The Poverty of Lent Amidst the Heat of Summer

Joan reflects on how the Lenten retreat provides an important starting point for her today.

My life of late has been very intense. I am trying to change jobs, I constantly struggle to take good care of myself, and I am wrestling with God and my identity. I have always been overly self critical, and am now aware of how much I compare myself to others. Funnily enough, much of this seemed to begin back in Lent, and so I keep coming back to my local Communion and Liberation Lenten Retreat, and how what I learned then has helped me face what I am living now.

Based on the 2024 Fraternity Exercises on Hope by Bishop Paccosi, and led by Fr. Jon Fincher, our Lenten Retreat focused on the progression of hope to poverty and on to mission. It was altogether a beautiful lesson, but what struck me then and remains with me now was our discussion on poverty. I previously saw poverty as a negative, an emptiness, but in his lesson Fr. Jon explained poverty more fully (and more inspiring to me) as a trust that God truly is providing in every moment, woven into a receptive and grateful heart.

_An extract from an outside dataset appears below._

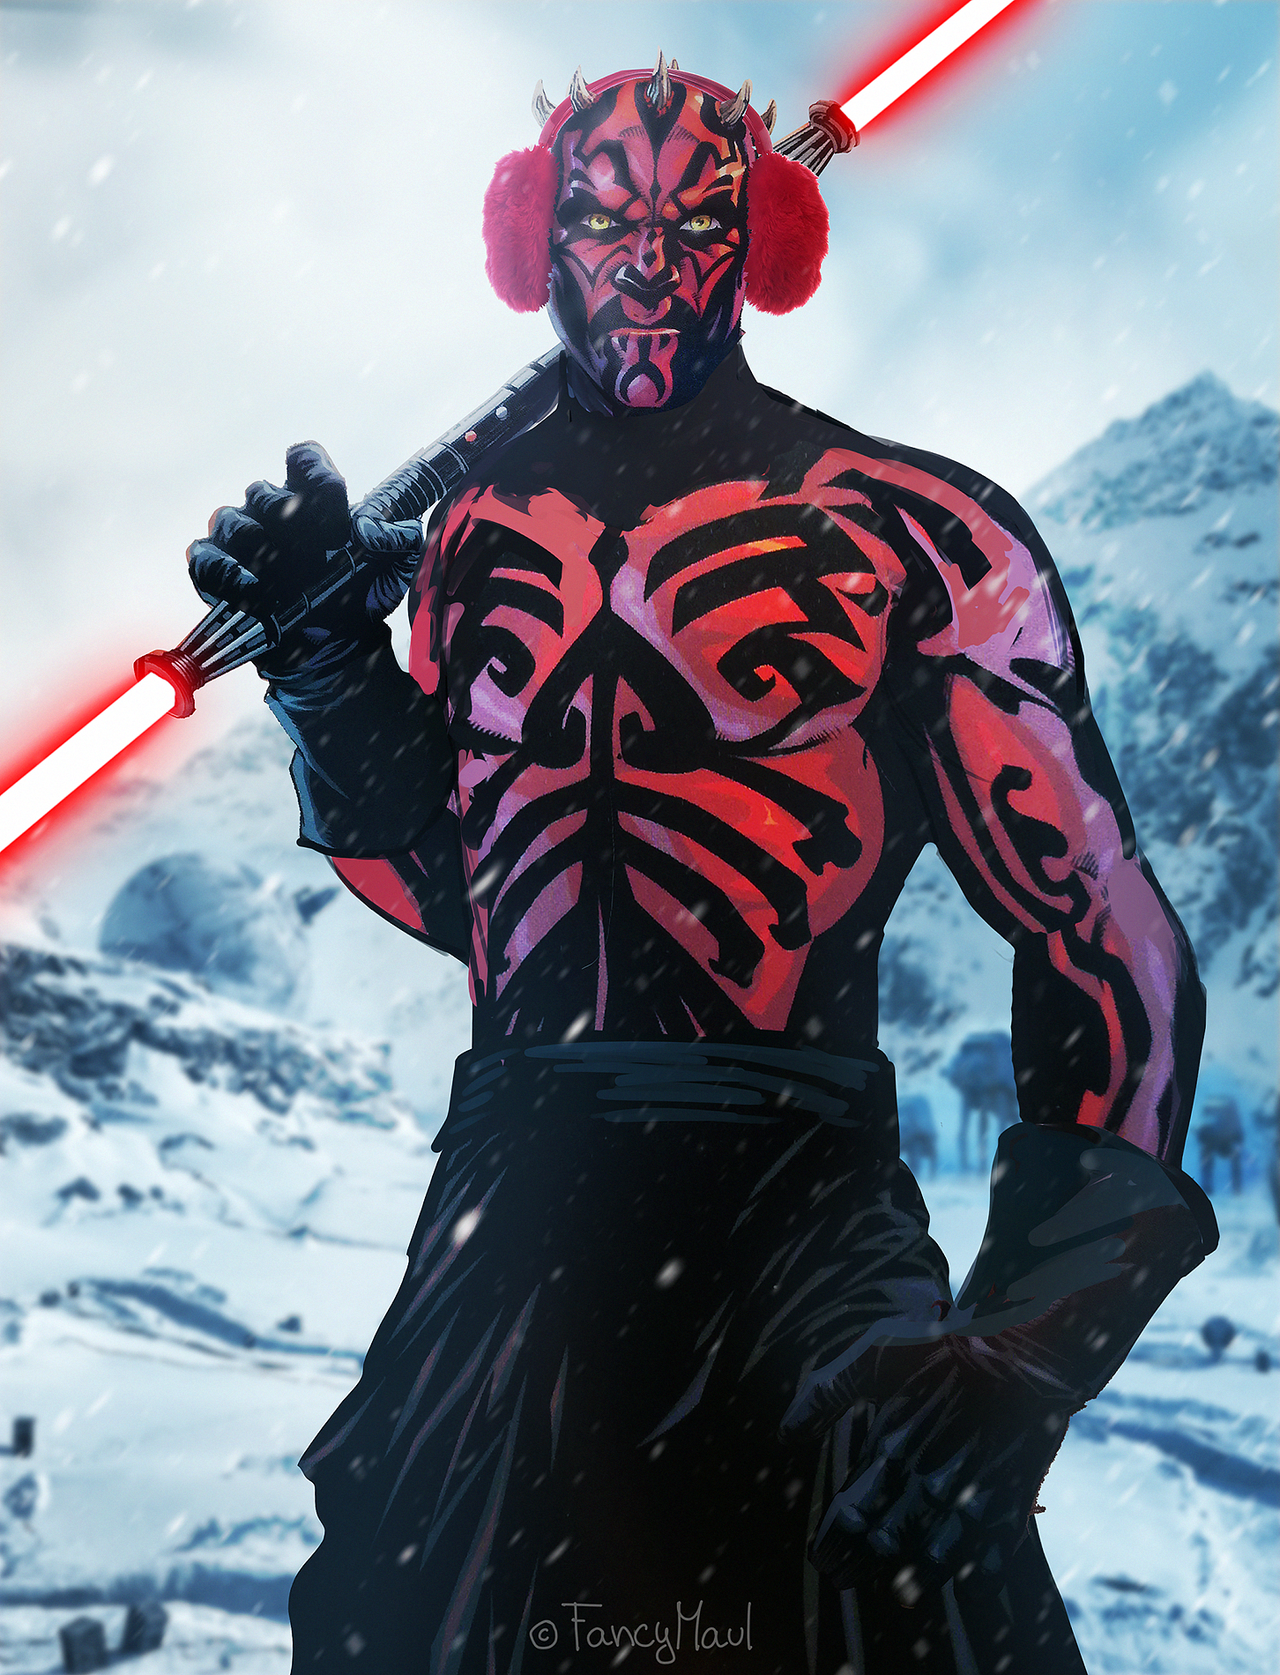 I Present You Darth Maul S Hoth Skin In Battlefront 2 Darth Maul Jedi Art Star Wars

And so to my heartache comes the opportunity to see it as my poverty. Whatever I feel about myself and whatever I am facing, God has given me everything I need in this present moment. From there I have noticed a greater call to gratitude. This I recognize as grace, because it is beyond my own human weakness. Further, not a week goes by that I don’t see the theme of poverty reaffirmed in our weekly School of Community reading or discussion.

I am not totally healed. I am still struggling today; I even put off writing this again and again. But I decided to write, still hurting, as a testament of how poverty is helping me live.